Senior defensive end Jonathan Allen—who has scored twice—gleefully welcomed his teammate to the "touchdown club" on Twitter. Why should this scare Clemson coaches? During the first half of the Fiesta Bowl, Watson threw his 16th and 17th picks this season. Bama defenders have returned six of their 16 interceptions for touchdowns, and they have averaged 24.9 yards a return. A poor throw against the Tide could result in a crippling momentum swing.

Clemson, Beware: Alabama's defense really is as good as advertised

Still, Swinney seems confident that these Tigers might be better equipped to win a national title than last year's. "I've grinded my butt off on some teams because of the makeup of the team—guys that were just exhausting to manage every day," Swinney says. "But when you have a team like this...." Then he names nearly every major contributor on offense and defense.
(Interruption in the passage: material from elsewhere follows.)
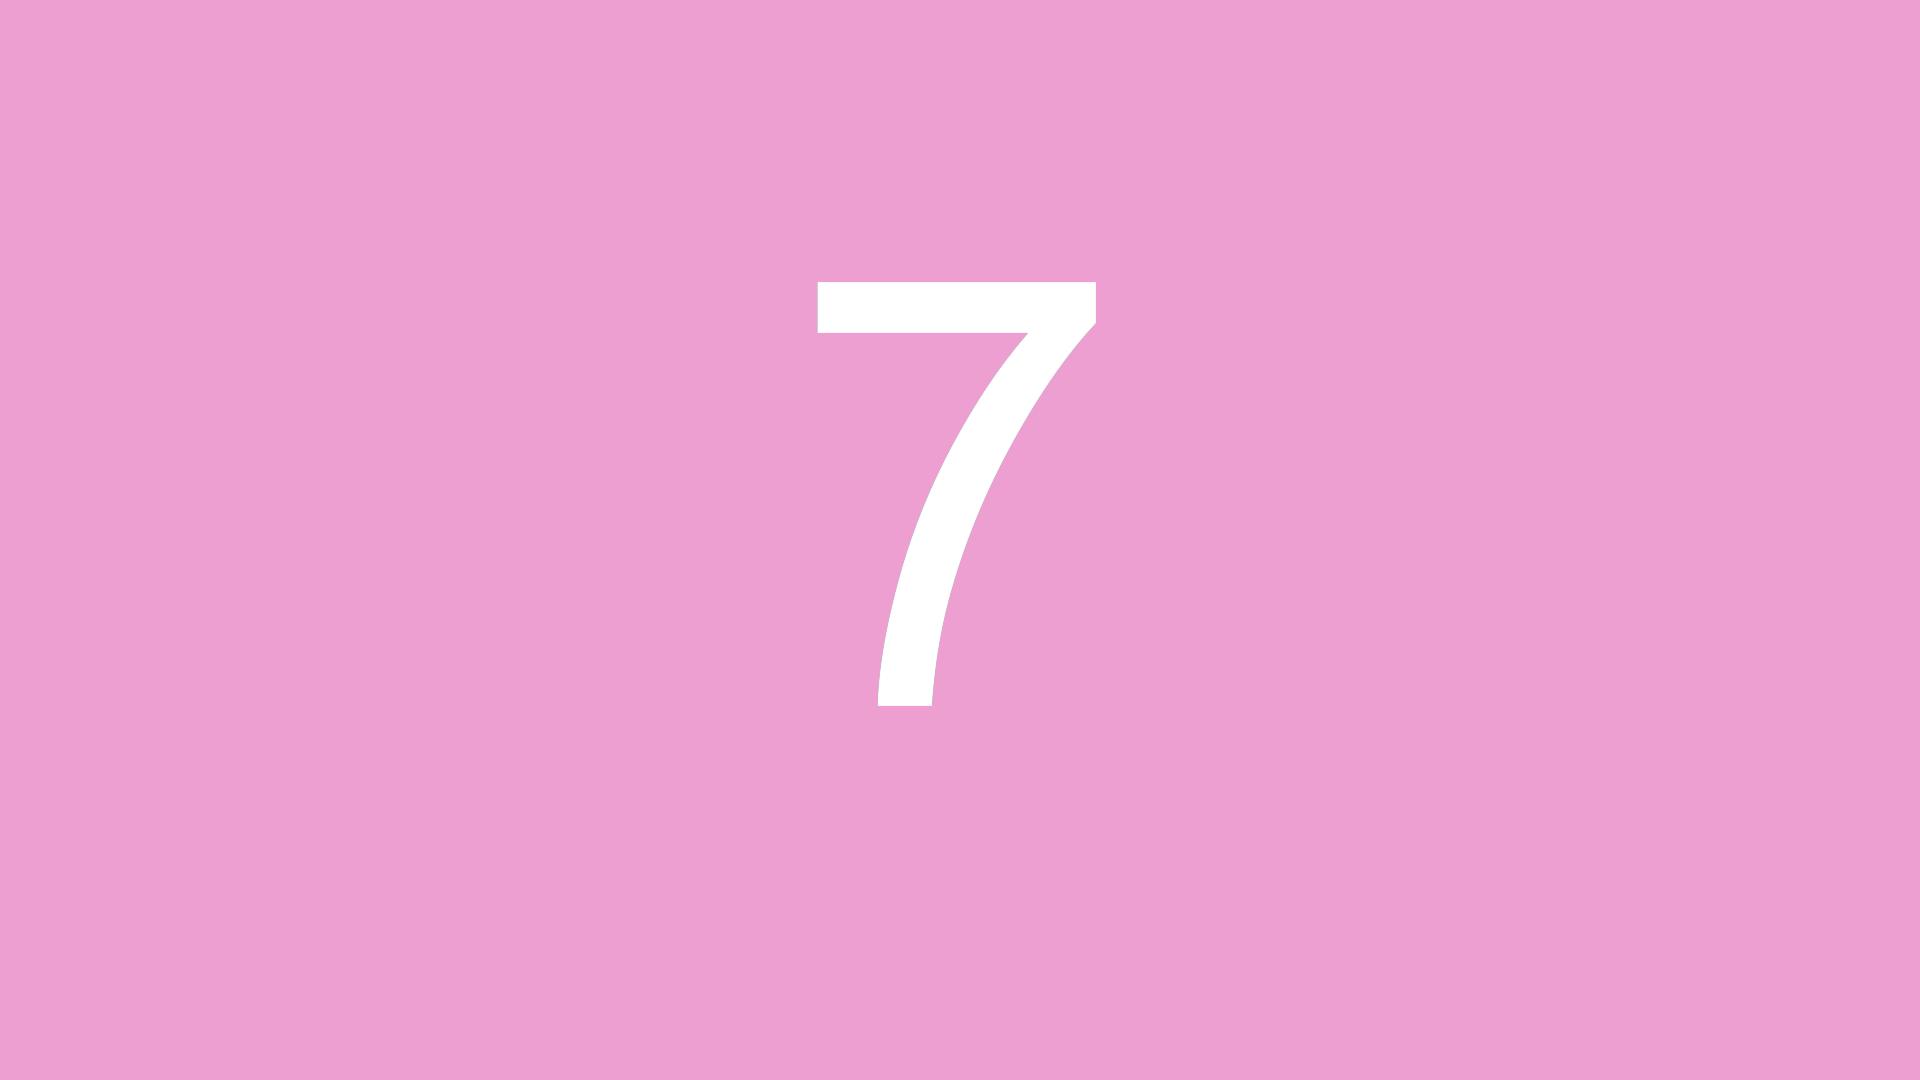 _0066_Pink_07

Heck, he even names punter Andy Teasdall. "These guys are so committed," he says. "It's made my job incredibly easy." Part of the reason? The Tigers came back from Arizona last January aching to get another shot at a championship. They had come so tantalizingly close, and they knew they could improve. "My very first meeting with these guys," Swinney says, "it was like, Let's go. We're ready to freaking get to work—yesterday."

The dynamic will change for the Tigers in Tampa. After reaching the final game last season, they knew their opponents would be gunning for them this year. Their motto has been "embrace the target," but they'll be the underdogs against Alabama, just as they were in Glendale last year. The popular narrative will pit the fun-loving Swinney and his good-time Tigers against Saban's army of gridiron killbots, but the truth, is these teams aren't that different. Clemson senior middle linebacker Ben Boulware carries a cracked iPhone that displays this message: Control the input not the output. If Saban hasn't already preached that in a team meeting, he will eventually. Saban's beloved Process teaches his players to ignore the big picture and focus on the details, but on Monday both the Tide and the Tigers will stare directly at the big picture and try not to blink.

An entire season of college football has brought us back to where the last one left off. If Round 2 is anything like Round 1, that should make for a joyous start to the new year.